When I start to move my lips from hers, she objects...her hands tighten in my hair, she holds me close, deepens the kiss. Gotta love the fact that my kisses mean that much to her, that she enjoys them that much. So I give her more of what she wants. Such a sacrifice I have to make...kissing this beautiful, sensuous, sexy woman. I nibble on her lips, feel her gasp against my mouth. Stroke her tongue, tease her just a bit...let her push into my mouth before I demand control once again...Time to move on...

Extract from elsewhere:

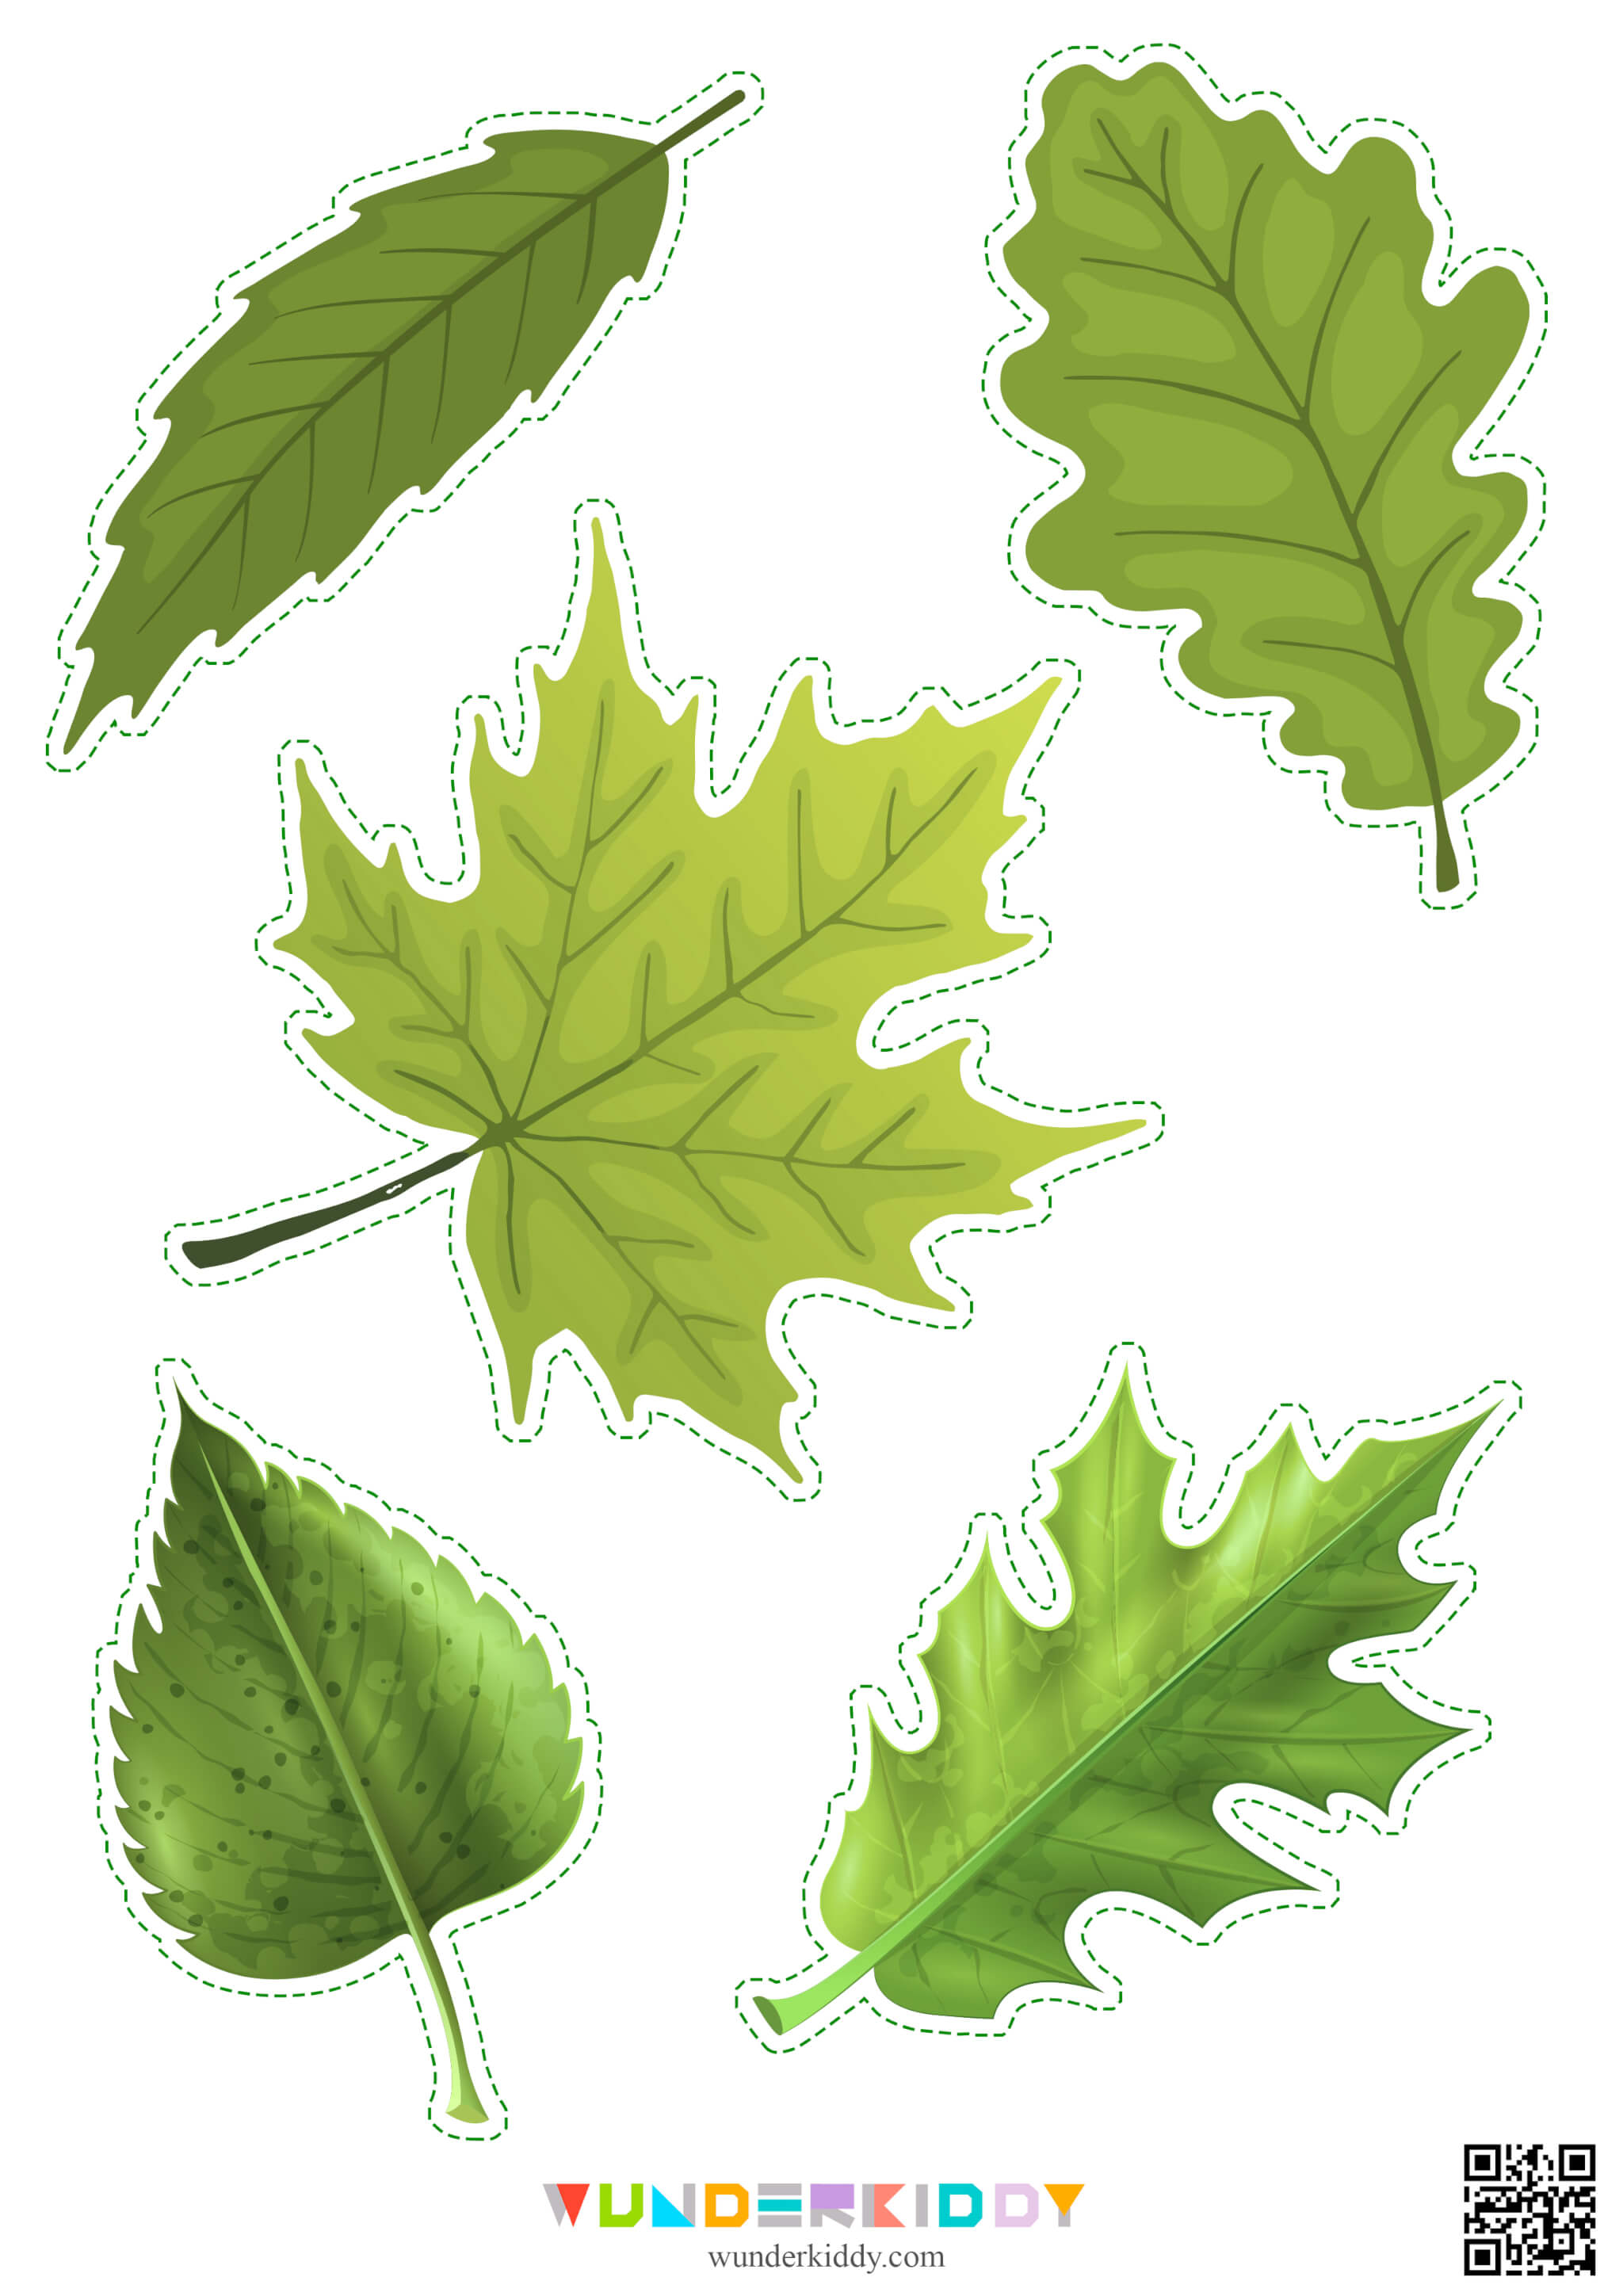 Activity sheet «Leaf sorting» - Image 6
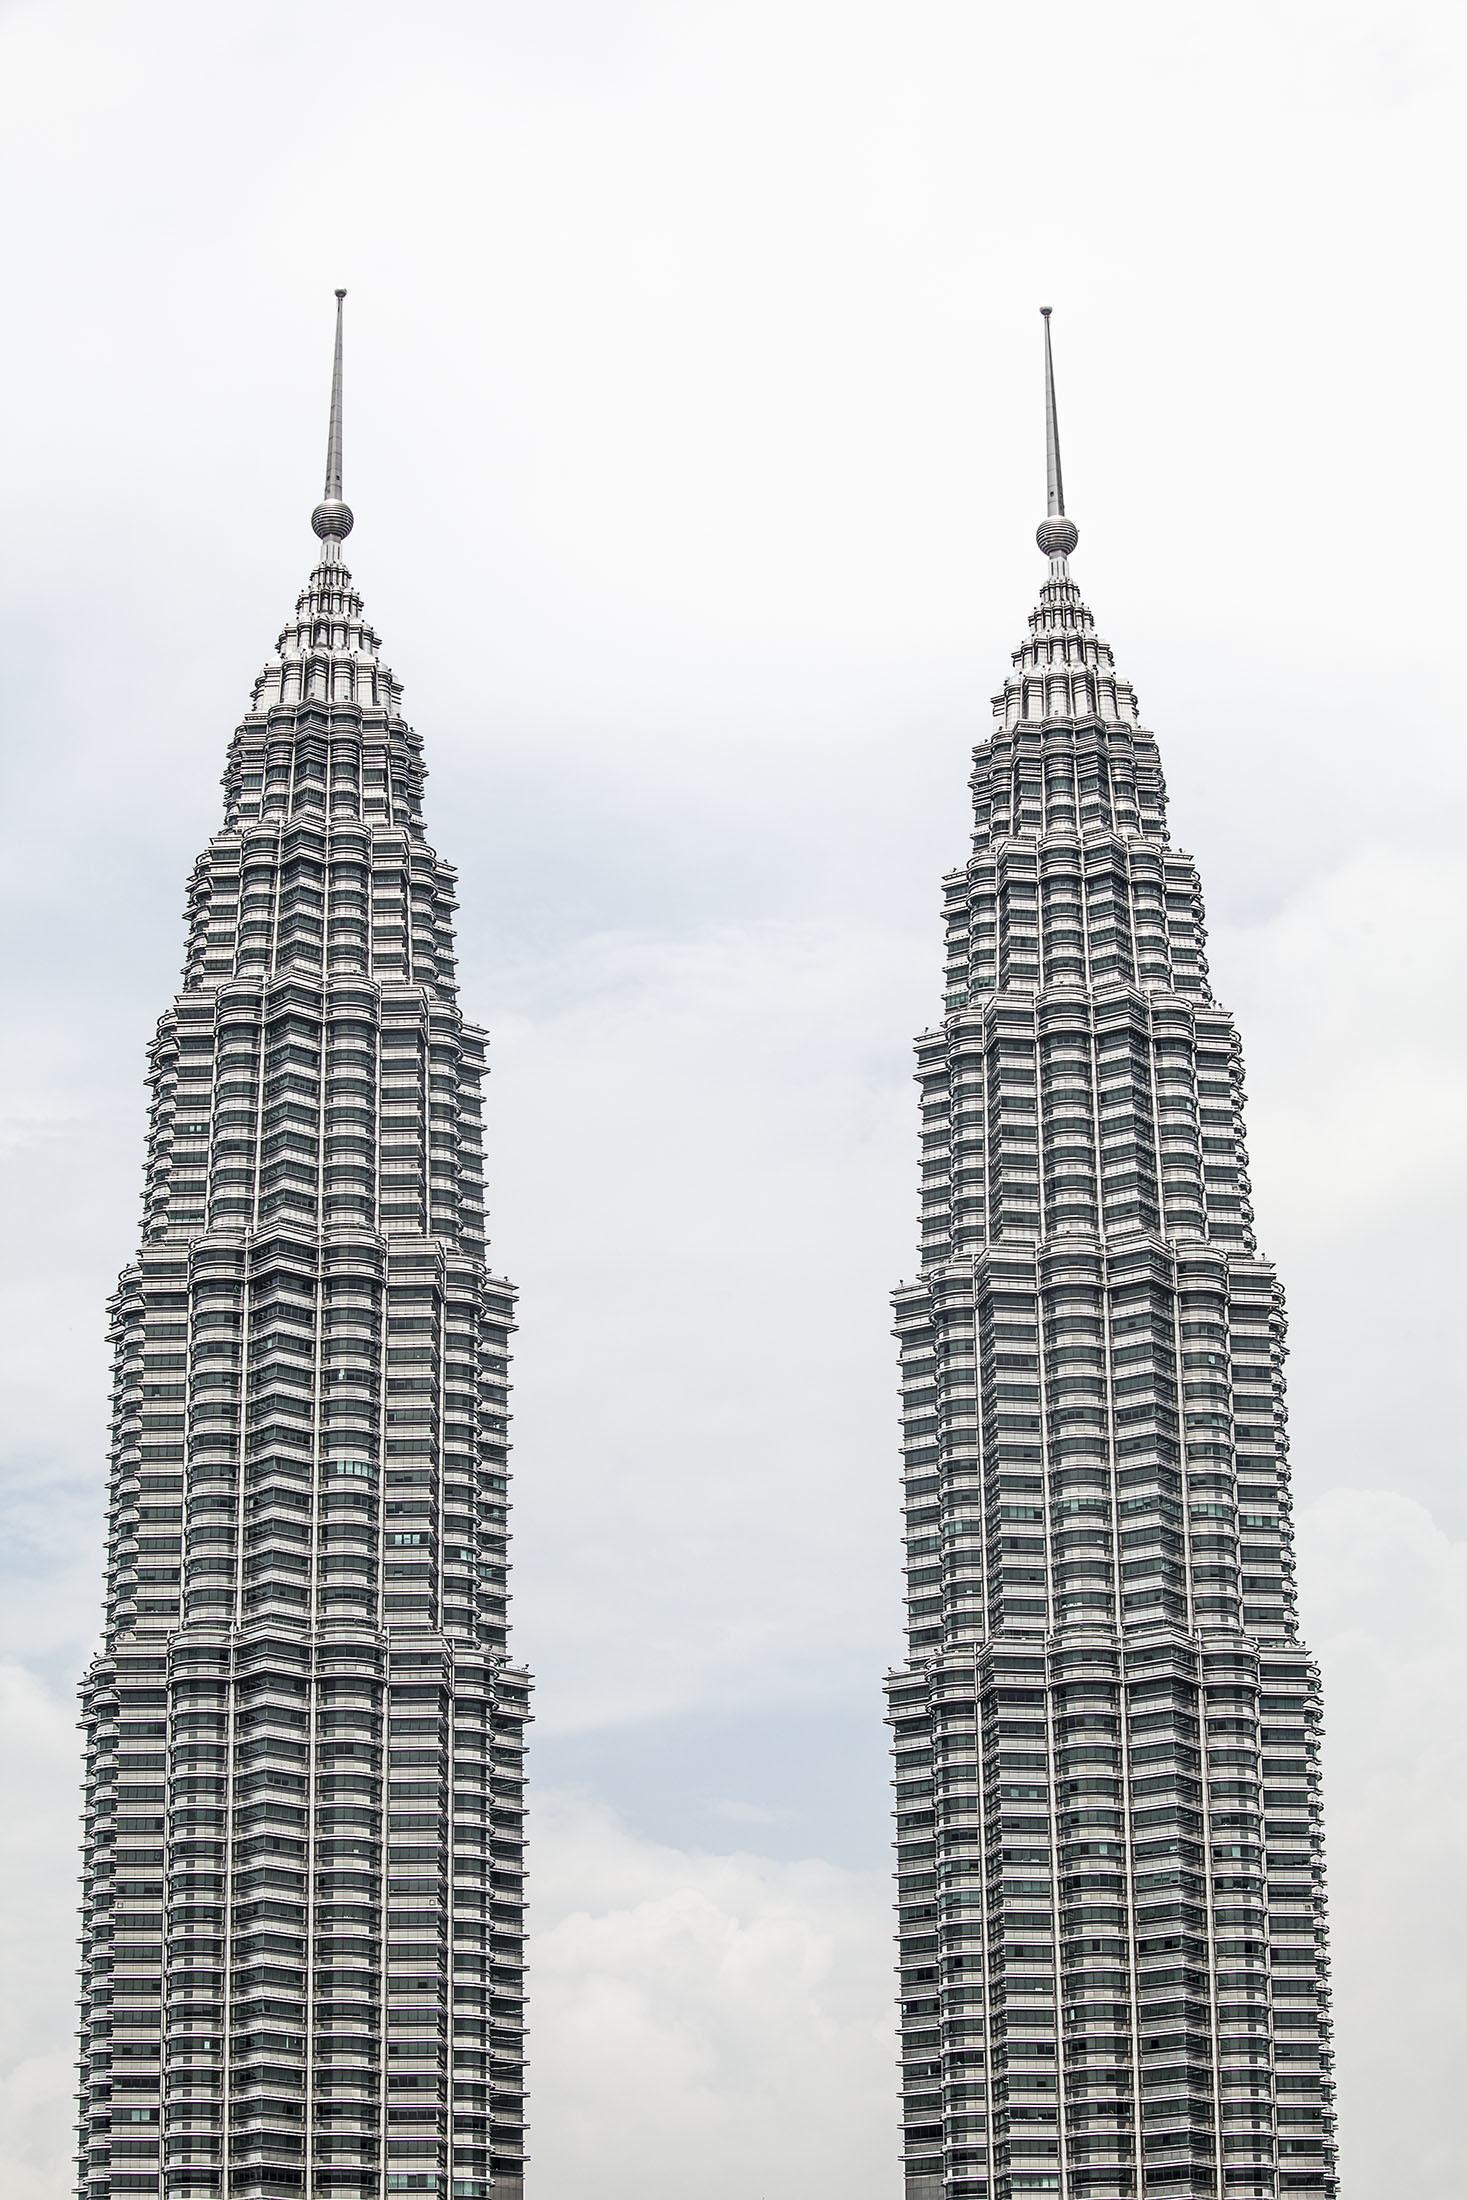 The top of Petronas Towers in Kuala Lumpur Malaysia

I move over her, position my legs on either side of hers. I'll try to keep as much of my weight on my knees as possible. I love having my hands free when I make love to her. She seems to like me on top of her. But I don't want to crush her; I outweigh her by damned near eighty pounds. And the majority of that weight is in my abdomen, chest and shoulders. I've bulked up a bit over the years, working out with Jack and Teal'c, carrying a sixty pound or heavier pack on my back, hiking twenty miles or more in a day. Now, let's start her little trip to the stars.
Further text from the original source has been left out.